(RAW DATA begins)

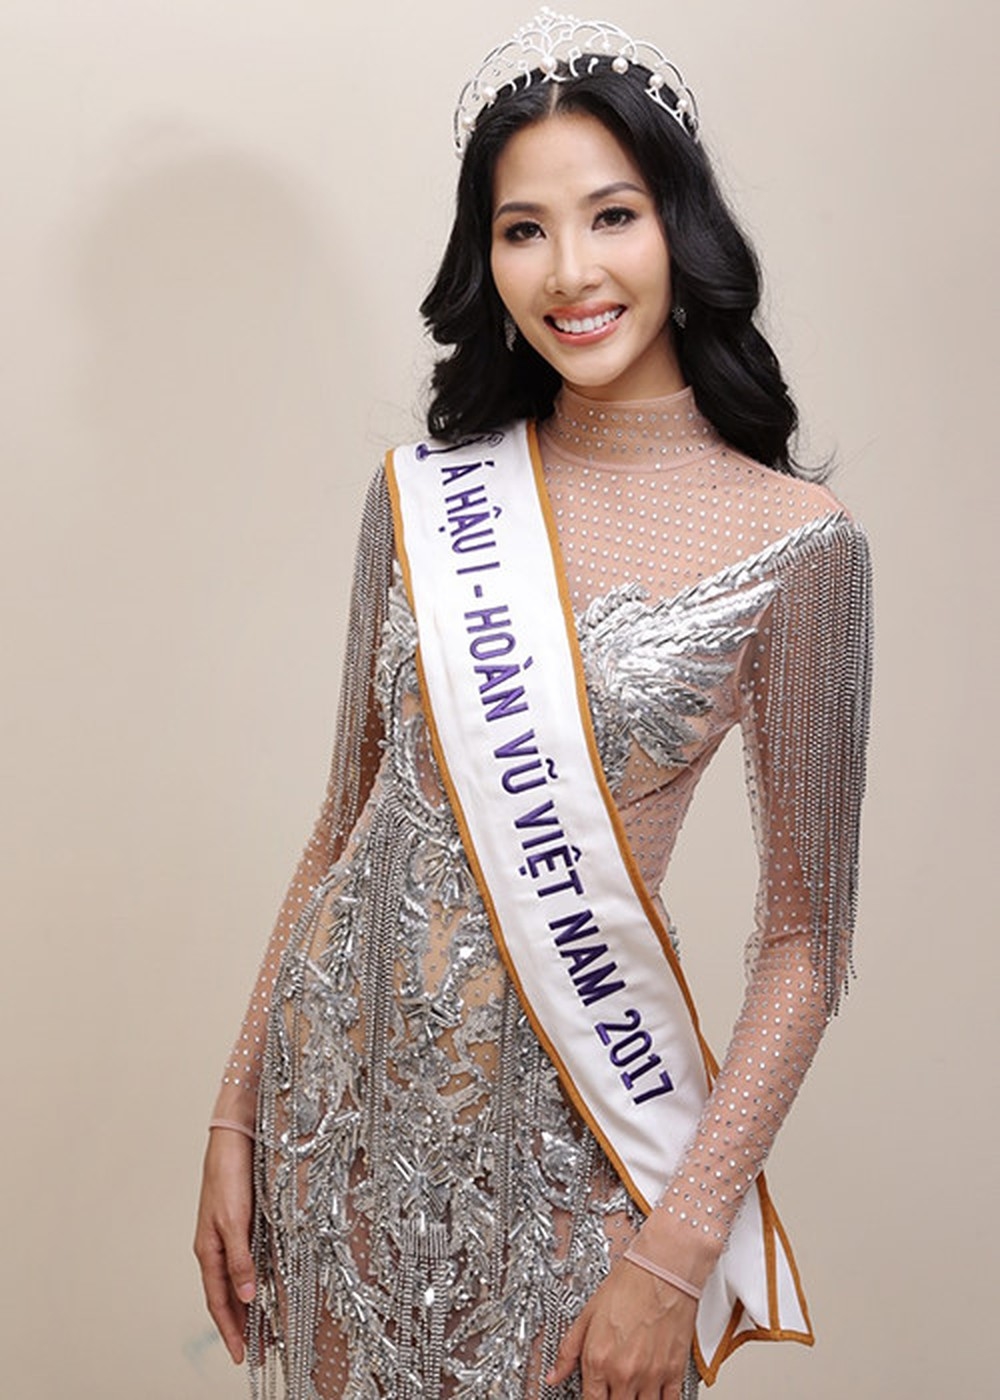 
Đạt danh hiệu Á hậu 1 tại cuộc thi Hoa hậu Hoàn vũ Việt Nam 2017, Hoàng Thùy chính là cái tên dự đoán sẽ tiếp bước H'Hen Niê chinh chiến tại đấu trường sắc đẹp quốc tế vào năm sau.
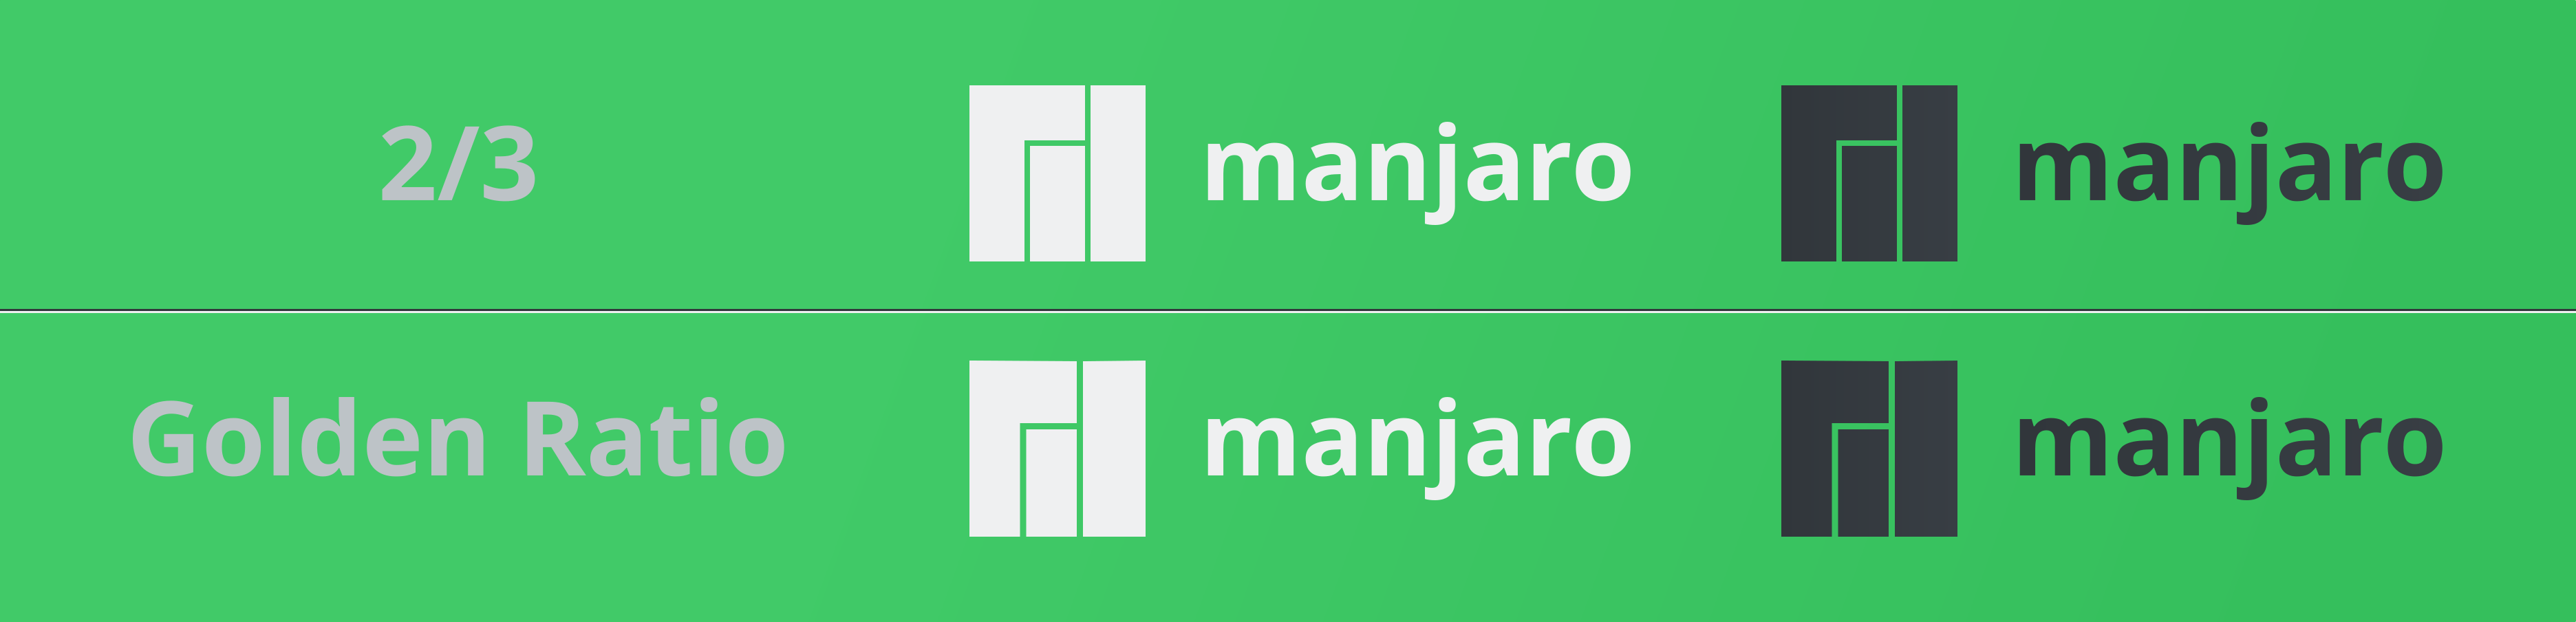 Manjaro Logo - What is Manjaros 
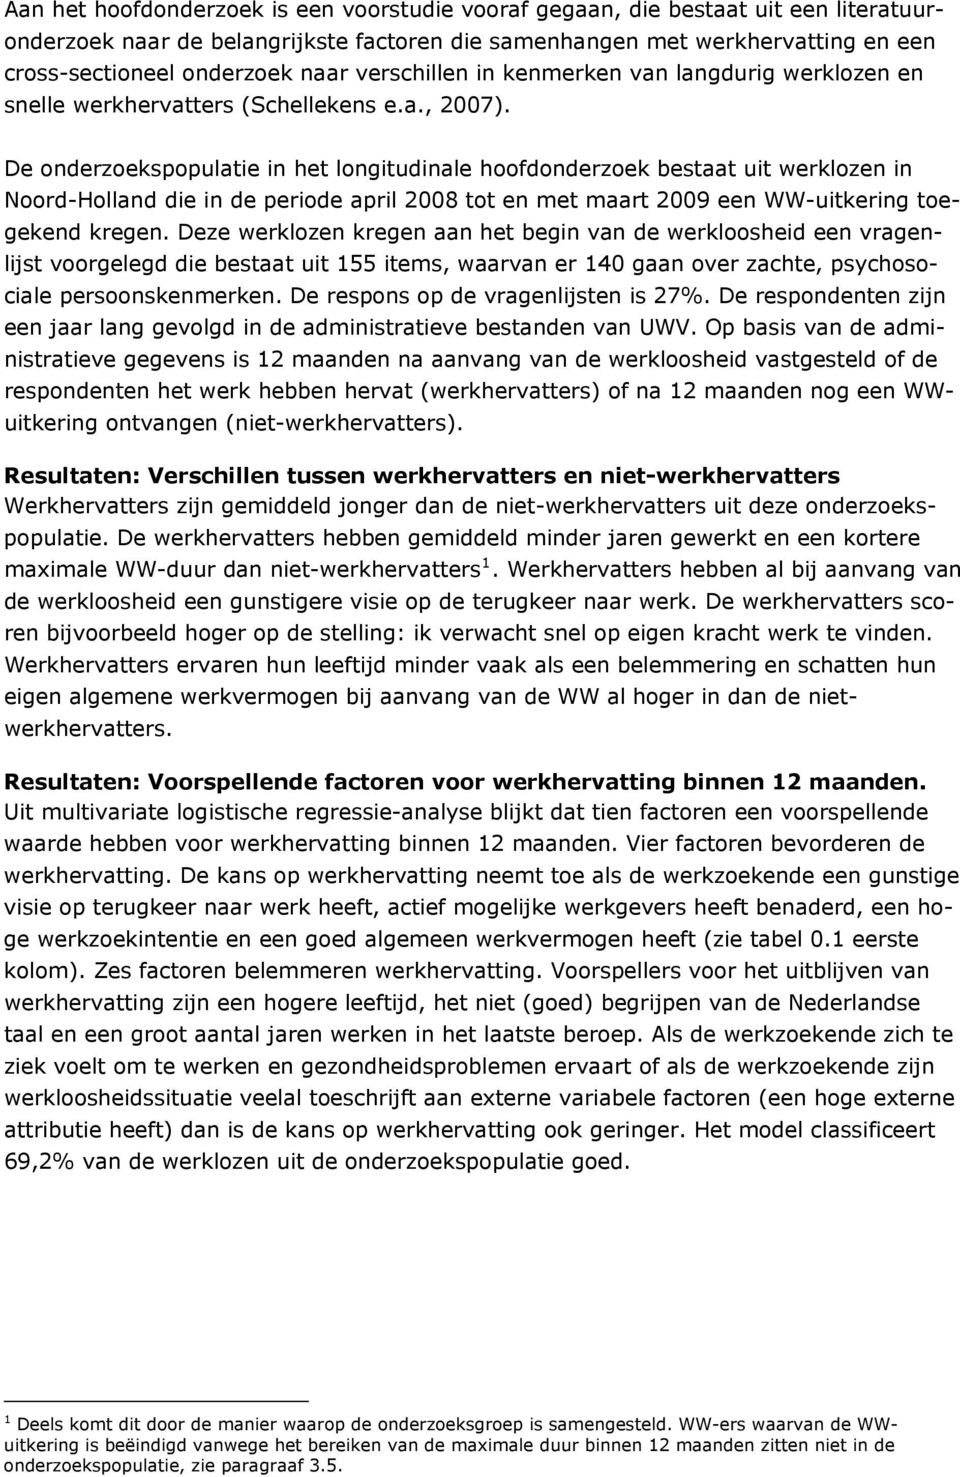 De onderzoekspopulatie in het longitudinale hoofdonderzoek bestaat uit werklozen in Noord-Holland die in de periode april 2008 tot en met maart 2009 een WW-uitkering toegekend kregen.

(RAW DATA ends)

* [YOUR TASK] The lines from the one containing "Manjaro Logo - What is Manjaros" up to and including the last line of the material above are to be given again exactly; any pictures are dropped.

* [YOUR RESPONSE]
 Manjaro Logo - What is Manjaros 
 De onderzoekspopulatie in het longitudinale hoofdonderzoek bestaat uit werklozen in Noord-Holland die in de periode april 2008 tot en met maart 2009 een WW-uitkering toegekend kregen.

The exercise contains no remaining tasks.